Using TensorFlow backend.
Loading training data
Finished loading training data
/usr/lib/python2.7/dist-packages/keras/layers/core.py:1112: UserWarning: TimeDistributedDense is deprecated, please use TimeDistributed(Dense(...)) instead.
warnings.warn('TimeDistributedDense is deprecated, '
Traceback (most recent call last):
File "train.py", line 27, in
Hi, I have the same error :( dataset is 3 files, two of them are 1 hour long, and one have 3 minutes
My output:
Using TensorFlow backend.
I tensorflow/stream_executor/dso_loader.cc:111] successfully opened CUDA library libcublas.so locally
I tensorflow/stream_executor/dso_loader.cc:111] successfully opened CUDA library libcudnn.so locally
I tensorflow/stream_executor/dso_loader.cc:111] successfully opened CUDA library libcufft.so locally
I tensorflow/stream_executor/dso_loader.cc:111] successfully opened CUDA library libcuda.so.1 locally
I tensorflow/stream_executor/dso_loader.cc:111] successfully opened CUDA library libcurand.so locally
Loading training data
Finished loading training data
/home/basia/keras/keras/layers/core.py:1112: UserWarning: TimeDistributedDense is deprecated, please use TimeDistributed(Dense(...)) instead.
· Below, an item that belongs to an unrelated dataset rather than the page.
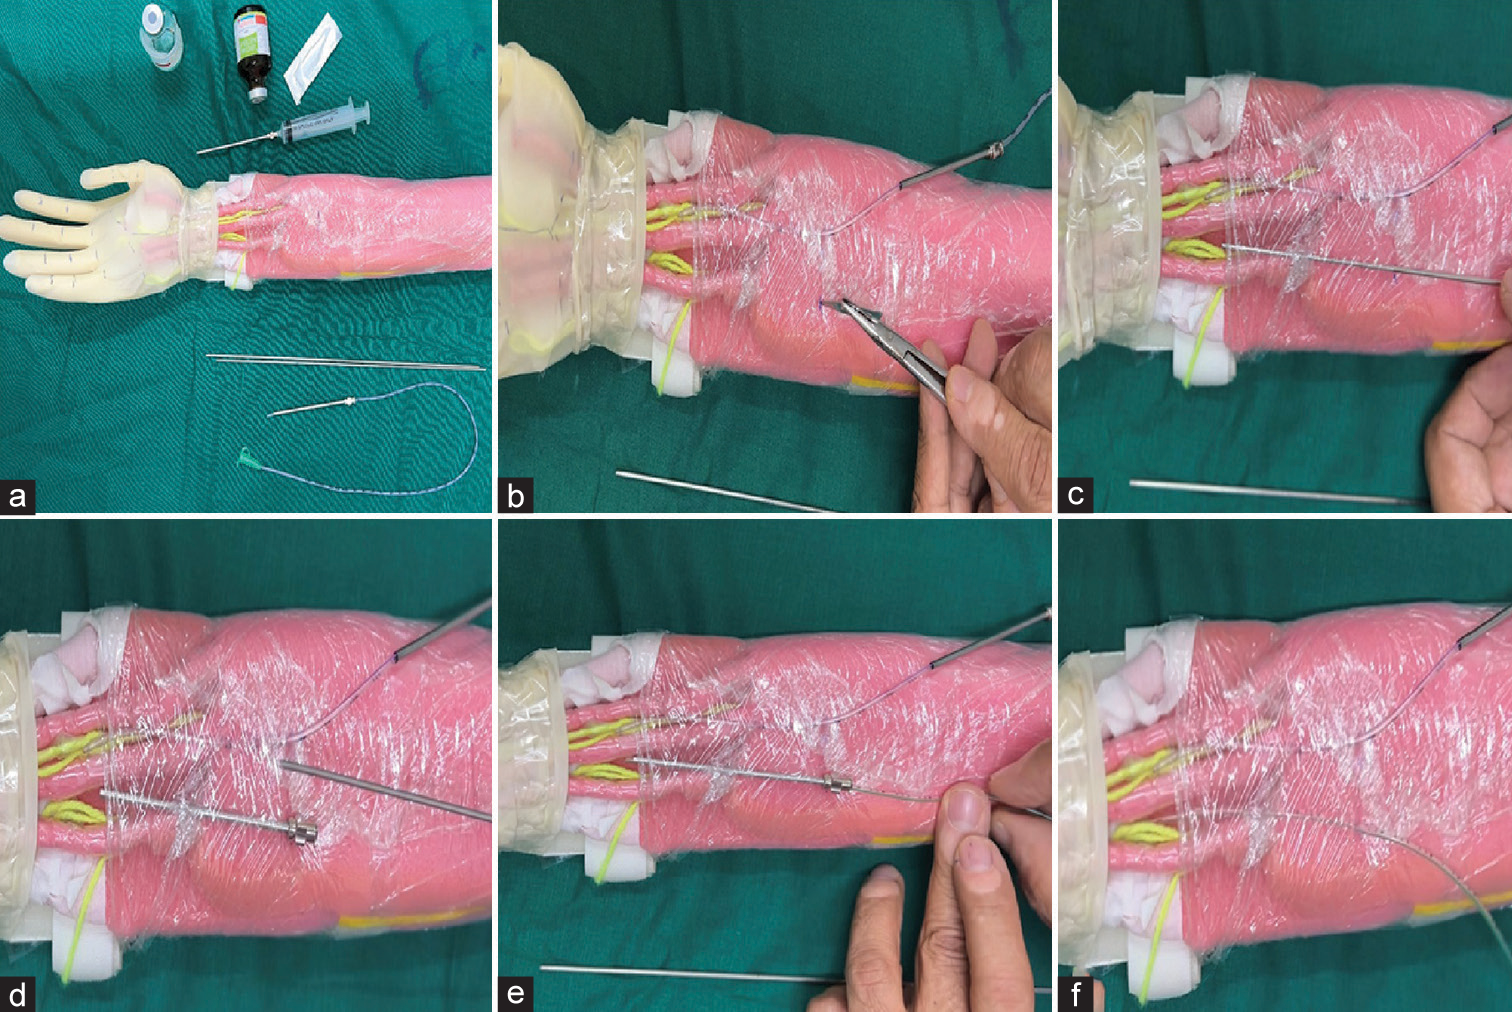 (a) Pictorial depiction of blocking ulnar nerve using a model with the required equipment. (b) Incision made at the proximal marking point. (c) Negotiation of K-wire under the deep fascia. (d) Needle in situ after removing the wire. (e) Insertion of the infant feeding tube. (f) Showing infant feeding tube is in the appropriate place.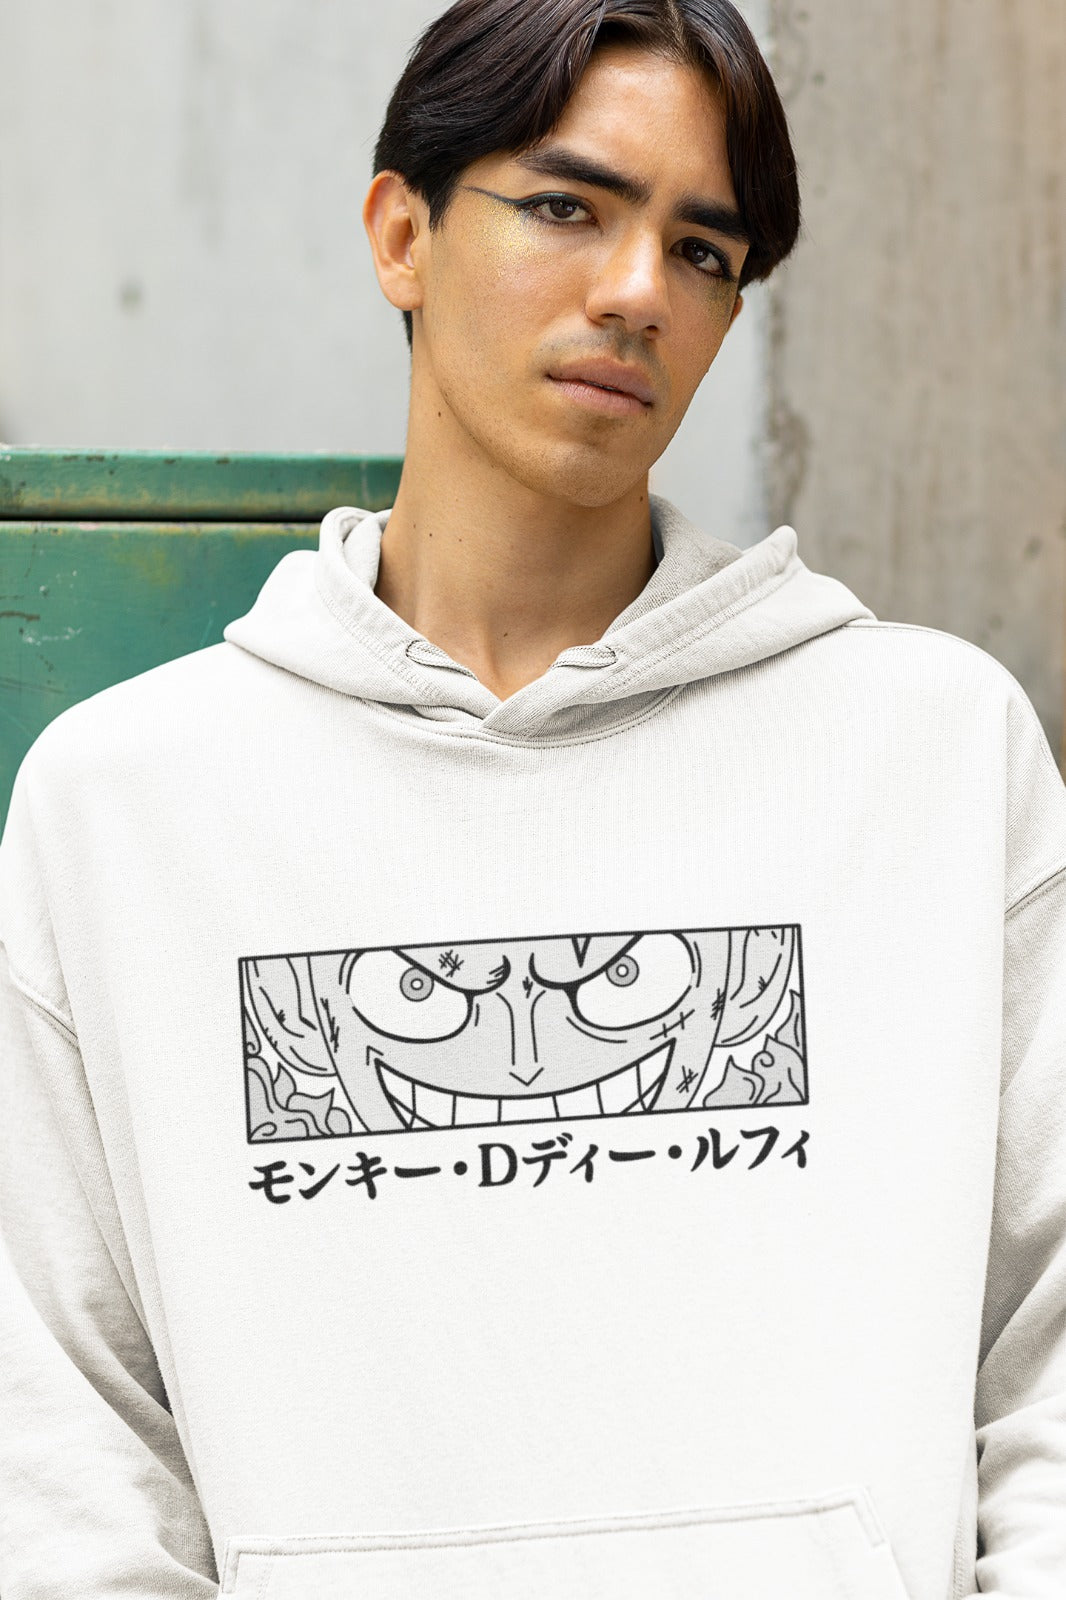 Elevate your anime collection with our White Monkey D. Luffy Oversized Hoodie. On the front, you'll find a captivating graphic design featuring Luffy's determined half-face with a cheerful smile, complemented by his name in bold Japanese characters. This hoodie is perfect for fans of One Piece, combining comfort and style while showcasing your admiration for the iconic Monkey D. Luffy. Embrace the world of pirates with this unique and cozy hoodie.

warnings.warn('TimeDistributedDense is deprecated, '
I tensorflow/stream_executor/cuda/cuda_gpu_executor.cc:925] successful NUMA node read from SysFS had negative value (-1), but there must be at least one NUMA node, so returning NUMA node zero
I tensorflow/core/common_runtime/gpu/gpu_device.cc:951] Found device 0 with properties:
name: GeForce GTX 750
major: 5 minor: 0 memoryClockRate (GHz) 1.137
pciBusID 0000:01:00.0
Total memory: 1.95GiB
Free memory: 1.72GiB
I tensorflow/core/common_runtime/gpu/gpu_device.cc:972] DMA: 0
I tensorflow/core/common_runtime/gpu/gpu_device.cc:982] 0: Y
I tensorflow/core/common_runtime/gpu/gpu_device.cc:1041] Creating TensorFlow device (/gpu:0) -> (device: 0, name: GeForce GTX 750, pci bus id: 0000:01:00.0)
Traceback (most recent call last):
File "train.py", line 27, in
Solution is downgrading keras to version 0.1.0 . :) Newest keras have some changes in naming and using timedistributedense and other stuff. I'm new to keras stuff, but i think it might be easily changed in nn_utils, where this network parameters are described.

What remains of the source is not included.